In another aspect, the present invention provides a method for preparing a recombinant adeno-associated virus with high efficiency, comprising the steps of:
s1, respectively constructing a 293T cell line capable of stably expressing Cre recombinase, a recombinant adenovirus carrying part of elements necessary for generating recombinant adeno-associated virus and expression plasmids carrying other elements necessary for generating recombinant adeno-associated virus;
the elements necessary for generating the recombinant adeno-associated virus comprise an AAVCap gene, an AAVRep gene and an AAV core expression element ITR-GOI with a foreign gene;
the genome of the recombinant adenovirus is deleted with E1 gene and E3 gene, and the elements necessary for partially generating recombinant adeno-associated virus are inserted into the region where the E1 gene and/or the E3 gene are located, two ends of a packaging signal psi of the recombinant adenovirus are respectively inserted with a loxp sequence, and the two loxp sequences are in the same direction;
s2, transfecting the 293T cell line capable of stably expressing Cre recombinase with the expression plasmid carrying other elements necessary for generating the recombinant adeno-associated virus, then infecting the 293T cell line capable of stably expressing Cre recombinase after transfection with the recombinant adenovirus, and culturing to obtain virus liquid containing the recombinant adeno-associated virus;
and S3, purifying the virus liquid containing the recombinant adeno-associated virus, and removing the adenovirus in the virus liquid to obtain the pure recombinant adeno-associated virus.
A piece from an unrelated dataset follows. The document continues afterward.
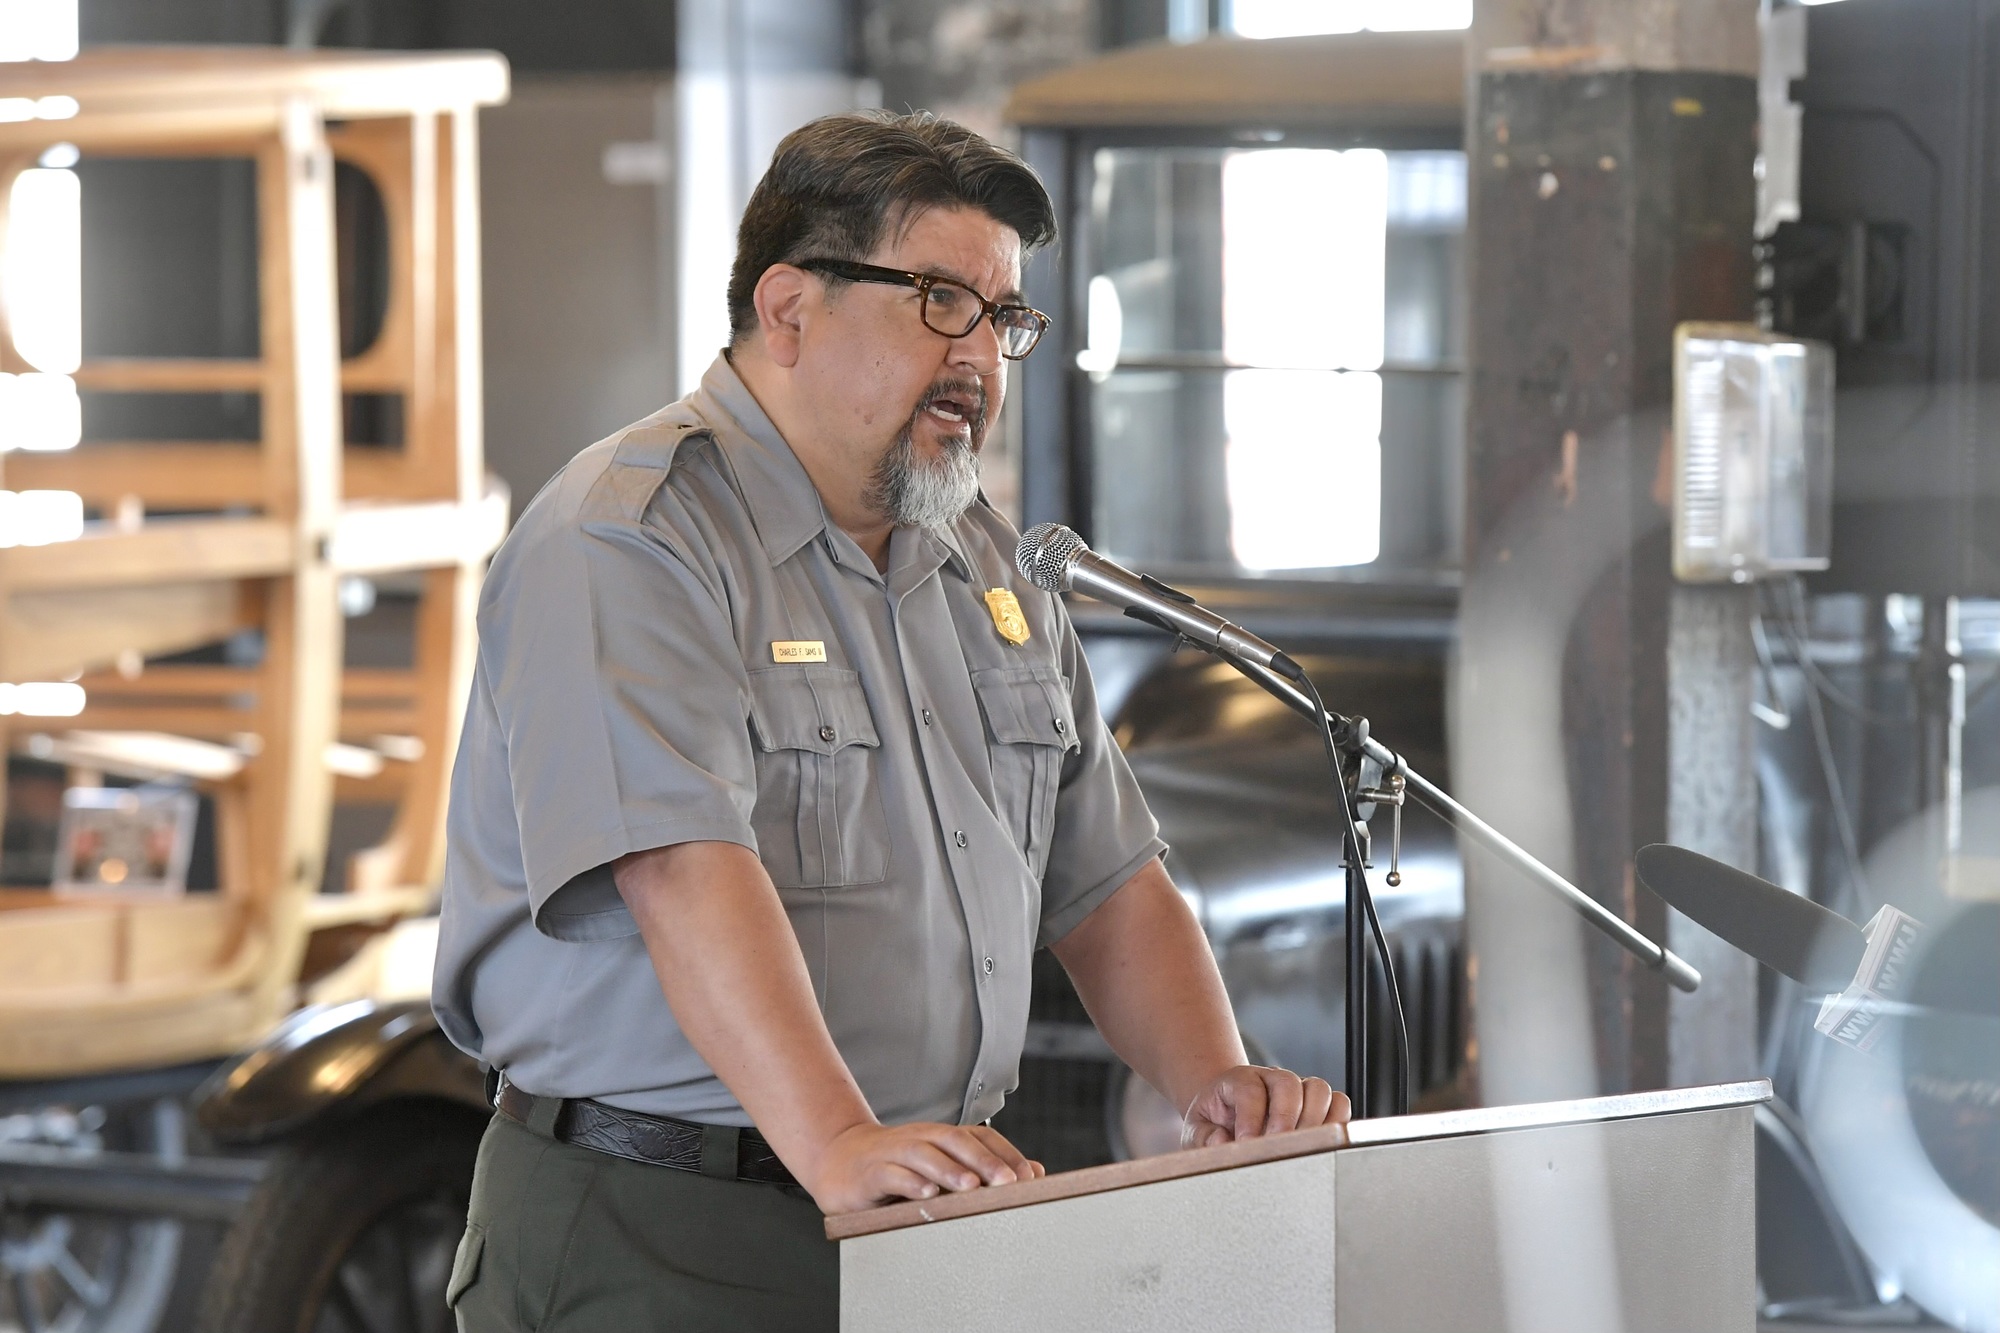 National Park Service Director Chuck Sams

In some embodiments, the 293T cell line capable of stably expressing Cre recombinase is constructed by plasmid transfection or lentivirus. The 293T cell line used in the present invention includes, but is not limited to, HEK-293T cell line. In order to rapidly construct 293T-Cre cell line, it is preferable to construct cell line by means of lentivirus. In consideration of the risk of subsequent gene therapy, the invention preferably constructs a recombinant lentiviral plasmid carrying Cre gene, then transfects the recombinant lentiviral plasmid into 293T cells, cultures the transfected recombinant lentiviral plasmid for a period of time, and finally obtains a positive monoclonal cell line by purine screening. Furthermore, in order to select cell lines which are stable and highly express Cre, the positive monoclonal cell lines obtained by selection are infected with the same amount of the recombinant adenovirus with the multiplicity of infection ranging from 1 to 100, and after 48 hours of infection, the cell lines which are maintained in a good state are selected and used as 293T cell lines for preparing recombinant adeno-associated viruses. In order to allow the Cre recombinase to be better expressed in the nucleus, the plasmid vector is designed by adding a nuclear localization sequence, such as SV40NLS, upstream of the Cre gene to guide the Cre recombinase into the nucleus. The cell line can be cultured by adherent culture or suspension culture, and a suspension culture mode is preferred, so that the later large-scale preparation is facilitated.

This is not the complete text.